Profile Image for Debi Cates.
516 reviews36 followers
June 7, 2025
This is a ghost story that isn't scary. What is, is sad and humane.

Of the stories we've been reading in the Black Water 2: More Tales of the Fantastic anthology, this story was the most contemporary feeling and the least "fantastical." The story is about grief.

It's a story I'll remember long after some of the other stories' details have faded.

Join The Short Story Club group here https://www.goodreads.com/group/show/...
Profile Image for George Ilsley.
Author 12 books328 followers
June 9, 2025
A different sort of ghost story, offering a kind of slightly surreal haunting; and oddly believable.

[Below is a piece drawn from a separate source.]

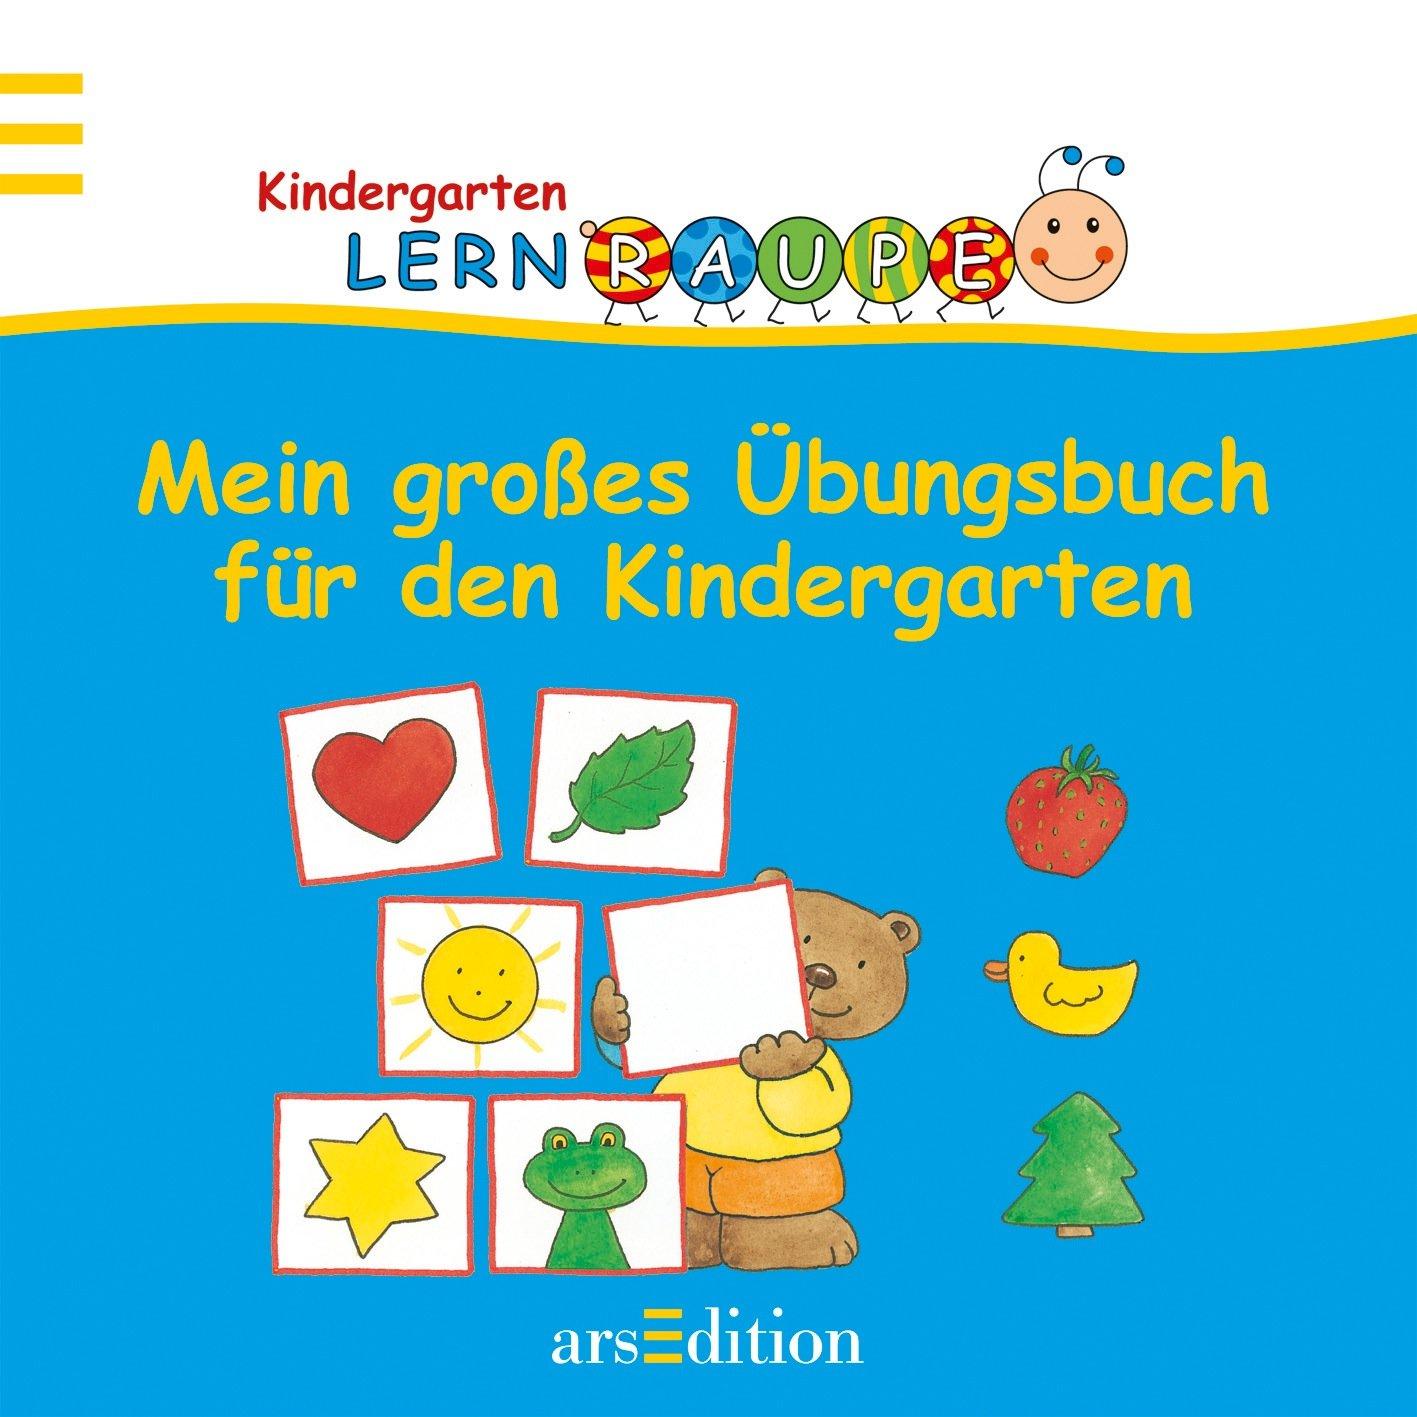 Mein großes Übungsbuch für den Kindergarten (Kindergarten-Lernraupe) Broschiert – 3. März 2010 Angela Wiesner arsEdition 3760751628 Beschäftigungsbuch

There's a few layers operating here, because the "man" (the protagonist) is telling the story to a woman at a party, a story of another woman at another party who became his landlord. The story he tells is slightly "bowdlerized" (a word rarely encountered these days) in order to make an impression on the new woman, who might become his new landlord — if everything works out.

One has to wonder what might happen next, that is, how much is this man the vehicle for events, if he is a medium of some sort — or perhaps a charming liar.

I rather enjoyed this peculiar ghost story.
Profile Image for Petergiaquinta.
701 reviews134 followers
January 2, 2026
Maybe the first thing I've ever read by Byatt? Interesting spin on the ghost story...I made a bunch of notes planning to say something about possible Hamlet influences, and then I never followed through.